Exercise: Copy each line below in which the string "towel" appears.

::::::::::

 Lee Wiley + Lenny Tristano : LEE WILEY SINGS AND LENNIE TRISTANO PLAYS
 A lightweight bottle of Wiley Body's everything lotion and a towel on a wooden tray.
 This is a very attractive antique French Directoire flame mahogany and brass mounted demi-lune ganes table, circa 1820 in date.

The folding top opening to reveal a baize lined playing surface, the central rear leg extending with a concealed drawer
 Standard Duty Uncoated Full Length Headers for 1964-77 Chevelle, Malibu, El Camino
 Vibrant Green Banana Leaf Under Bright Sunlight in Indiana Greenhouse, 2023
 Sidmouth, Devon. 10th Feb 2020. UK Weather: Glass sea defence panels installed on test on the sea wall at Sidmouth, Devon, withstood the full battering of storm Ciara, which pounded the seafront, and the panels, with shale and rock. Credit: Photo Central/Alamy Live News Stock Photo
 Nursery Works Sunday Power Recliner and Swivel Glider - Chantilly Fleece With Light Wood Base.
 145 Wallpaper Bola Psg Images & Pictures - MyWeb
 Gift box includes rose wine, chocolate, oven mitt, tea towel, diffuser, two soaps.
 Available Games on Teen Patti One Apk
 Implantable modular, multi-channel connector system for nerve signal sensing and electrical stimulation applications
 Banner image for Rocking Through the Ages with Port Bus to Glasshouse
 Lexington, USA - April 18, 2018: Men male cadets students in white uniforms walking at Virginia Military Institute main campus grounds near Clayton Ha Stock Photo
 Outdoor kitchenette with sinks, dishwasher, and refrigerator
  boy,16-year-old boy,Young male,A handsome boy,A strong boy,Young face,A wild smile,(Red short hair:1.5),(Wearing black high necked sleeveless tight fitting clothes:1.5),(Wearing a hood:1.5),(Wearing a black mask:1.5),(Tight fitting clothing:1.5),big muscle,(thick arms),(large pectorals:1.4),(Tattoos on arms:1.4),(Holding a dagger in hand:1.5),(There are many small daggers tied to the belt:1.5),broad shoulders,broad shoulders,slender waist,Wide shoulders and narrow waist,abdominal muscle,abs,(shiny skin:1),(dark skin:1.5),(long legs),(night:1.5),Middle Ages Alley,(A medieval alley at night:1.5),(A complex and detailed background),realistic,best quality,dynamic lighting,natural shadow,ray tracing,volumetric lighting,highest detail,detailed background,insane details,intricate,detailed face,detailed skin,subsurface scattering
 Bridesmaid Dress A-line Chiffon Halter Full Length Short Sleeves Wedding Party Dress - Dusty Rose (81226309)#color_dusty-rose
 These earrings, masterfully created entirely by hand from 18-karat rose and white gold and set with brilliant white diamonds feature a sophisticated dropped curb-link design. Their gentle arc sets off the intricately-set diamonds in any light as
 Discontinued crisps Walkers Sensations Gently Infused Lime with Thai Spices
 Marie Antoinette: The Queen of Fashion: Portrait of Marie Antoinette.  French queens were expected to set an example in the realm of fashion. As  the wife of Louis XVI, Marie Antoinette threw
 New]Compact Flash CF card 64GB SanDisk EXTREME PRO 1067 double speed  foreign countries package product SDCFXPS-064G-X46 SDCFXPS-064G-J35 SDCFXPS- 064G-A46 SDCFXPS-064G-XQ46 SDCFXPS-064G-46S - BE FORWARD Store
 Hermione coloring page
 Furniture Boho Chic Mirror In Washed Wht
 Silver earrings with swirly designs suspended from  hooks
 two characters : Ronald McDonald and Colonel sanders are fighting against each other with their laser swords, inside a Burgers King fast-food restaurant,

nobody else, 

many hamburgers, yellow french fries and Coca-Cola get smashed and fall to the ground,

::::::::::

Answer space:
 A lightweight bottle of Wiley Body's everything lotion and a towel on a wooden tray.
 Gift box includes rose wine, chocolate, oven mitt, tea towel, diffuser, two soaps.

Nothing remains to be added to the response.